Der Deutsche Tierschutzbund begrüßt, dass die Rassehundeausstellung wegen der Vorgaben zu Qualzuchtmerkmalen ausfällt. „Das Leid der betroffenen Hunde aufgrund der Schönheitsideale von Menschen darf nicht länger unkritisch dargestellt, normalisiert oder sogar beschönigt werden – schon gar nicht auf einer Veranstaltung, die etliche Besucher*innen zur Unterhaltung anzieht“, sagt Lisa Hoth-Zimak, Referentin für Heimtiere beim Deutschen Tierschutzbund. Qualzuchten leiden ein Leben lang, da bestimmte optische Merkmale zu Extremformen gezüchtet wurden. Diese verursachen körperliche Beschwerden. Kurzköpfige Hunde wie der Mops oder Französische Bulldoggen haben zum Beispiel oftmals mit Haut-, Ohren- und Augenproblemen, Kiefer- und Zahnfehlstellungen sowie Atemnot zu kämpfen. „Da vielen Personen das vermeintlich süße Aussehen von Qualzuchtrassen gefällt, bleibt die Nachfrage hoch, sodass Züchter*innen solche Tiere immer weiter vermehren“, so die Expertin.

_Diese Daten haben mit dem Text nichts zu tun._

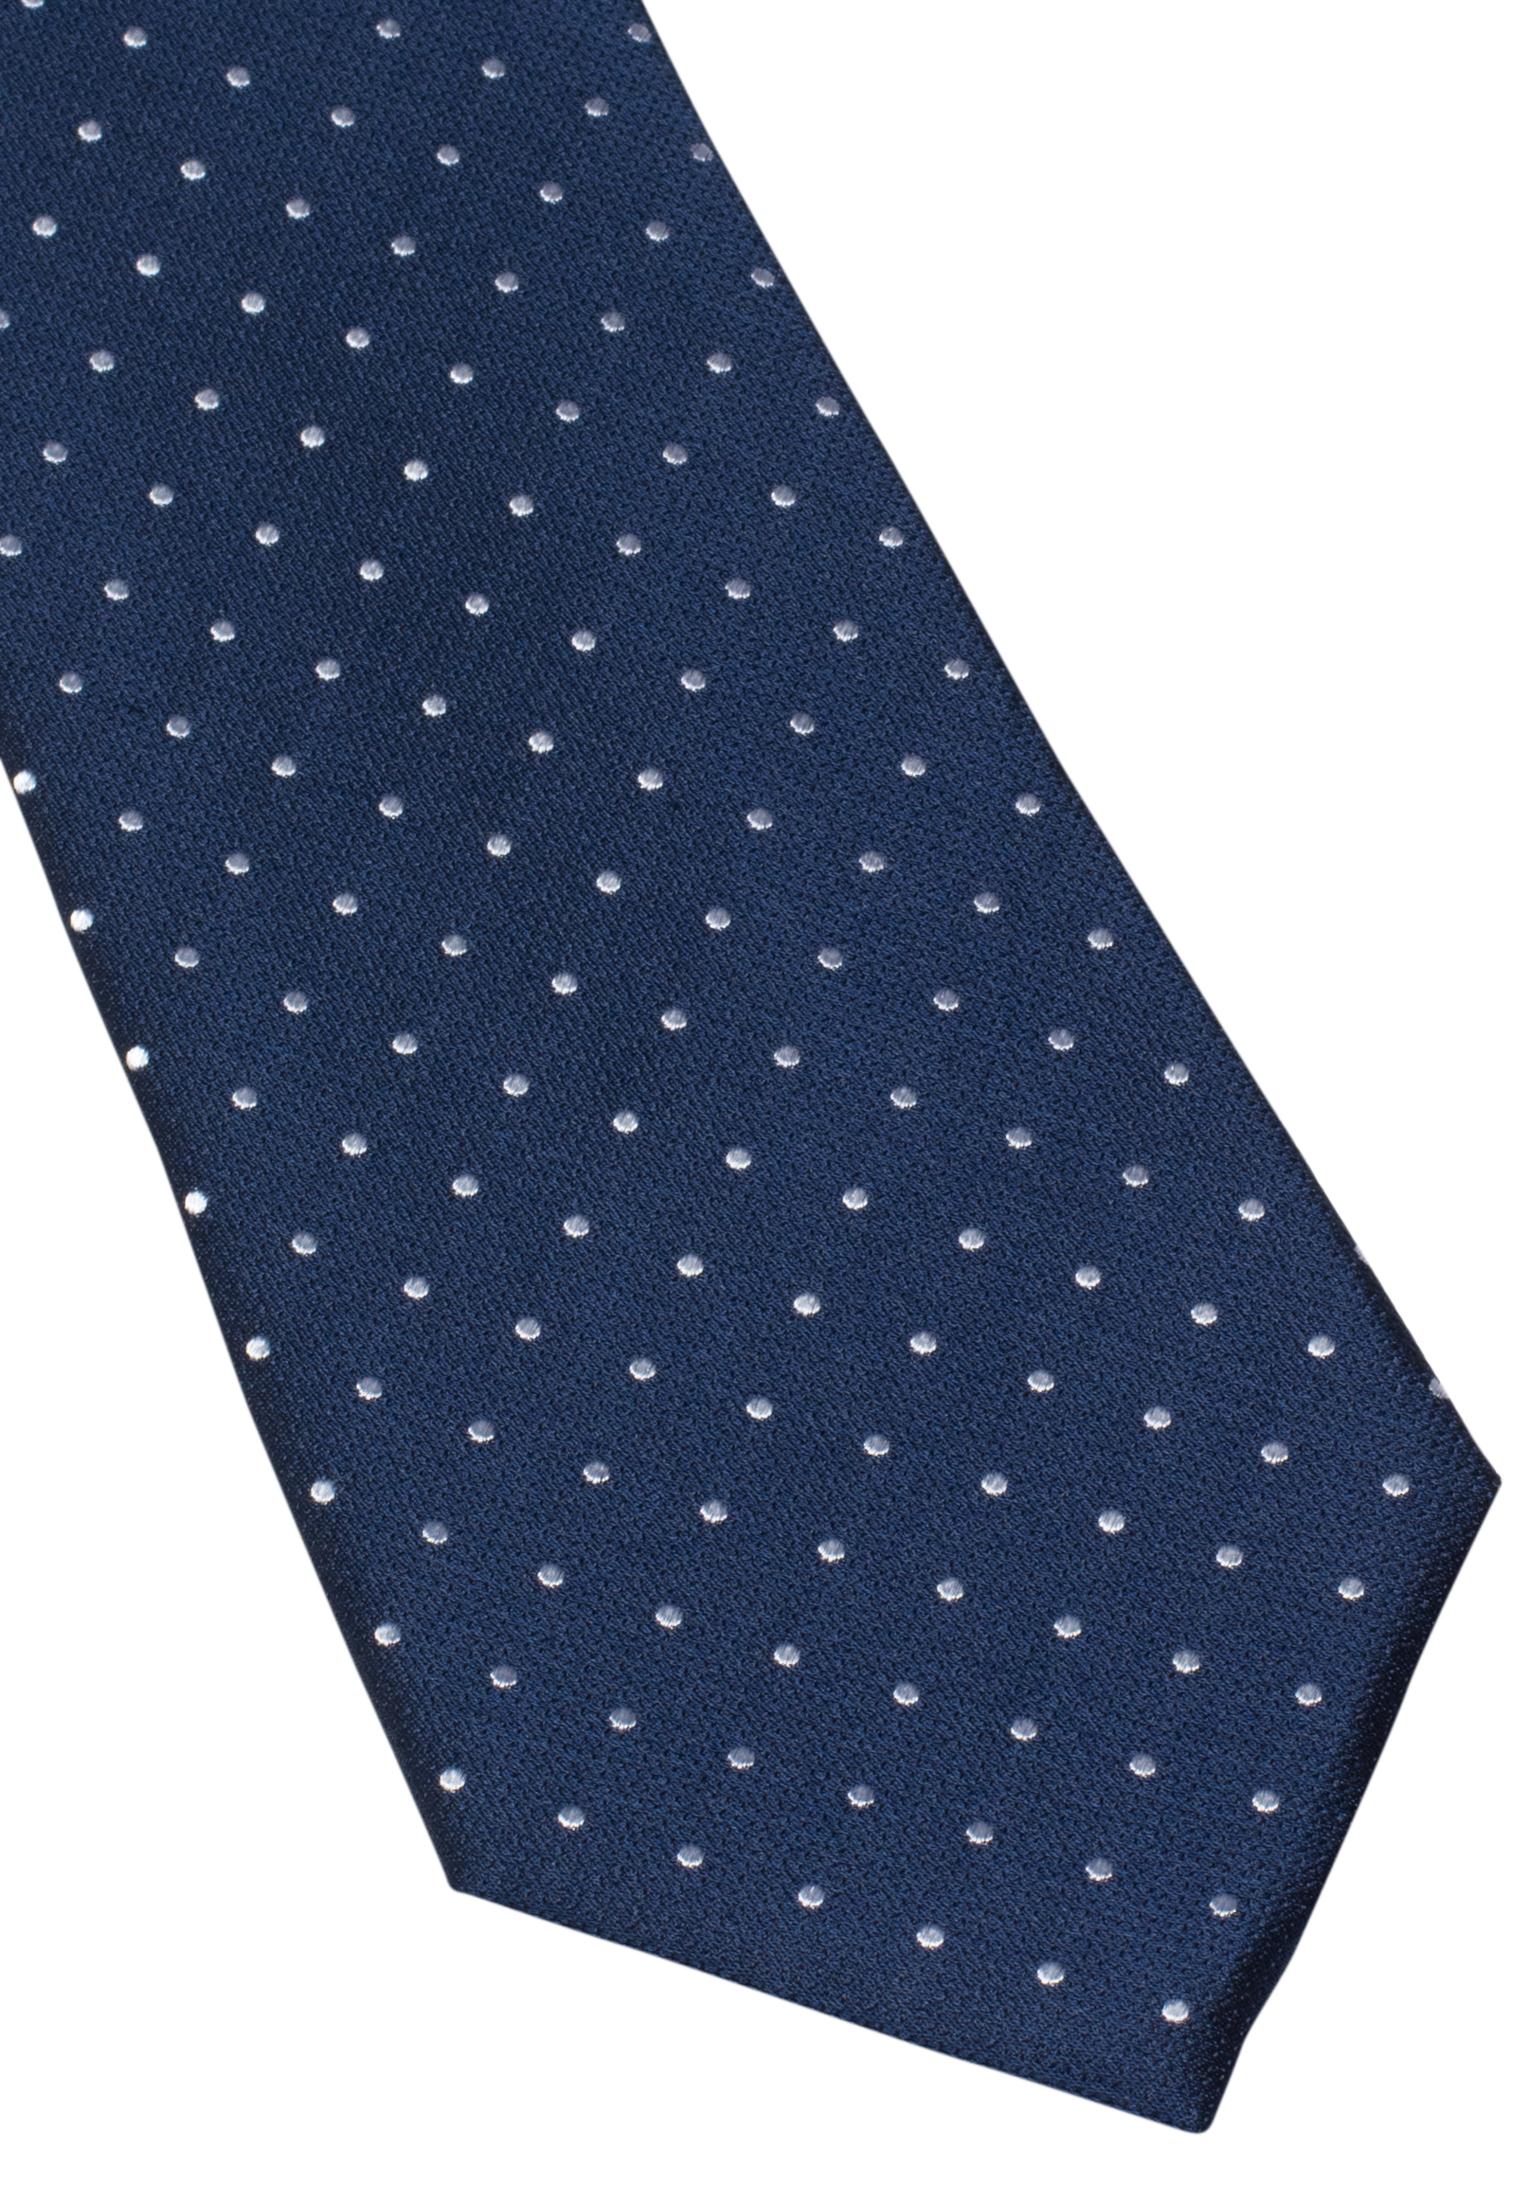 ETERNA 9026 Krawatte Seide marineblau/ weiss

Überarbeitung des Qualzuchtparagraphen

Zwar sind Qualzuchten theoretisch bereits heute verboten, jedoch sind diese nur sehr vage definiert. Daher ist es schwierig, Qualzuchten rechtlich zu verfolgen. Der Deutsche Tierschutzbund hat einen Entwurf einer Qualzuchtverordnung erstellt, der zeigt, wie diese bestenfalls aussehen sollte. Fortschritte sind in Sicht: Der aktuelle Entwurf der Bundesregierung für ein neues Tierschutzgesetz sieht vor, den Qualzuchtparagraphen zu konkretisieren, indem Beispiele wie Atemnot genannt werden sollen. Zudem soll es ein Verbot der Zurschaustellung von Qualzuchten aller Tierarten sowie ein Verbot für Werbungen mit Qualzüchtungen geben. Unabhängig von der Qualzuchtthematik, bedeuten solche Veranstaltungen wie in Erfurt puren Stress für die Tiere. Aus Tierschutzsicht ist es unerlässlich, derartige Messen, die hunderte bis tausende Hunde auf engem Raum wie Objekte ausstellt und anhand ihrer Optik bewertet, ausnahmslos zu beenden.

(© Symbolfotos: Pixabay – Choxyltd (Mops); Unsplash – Anima Visual (Französische Bulldogge))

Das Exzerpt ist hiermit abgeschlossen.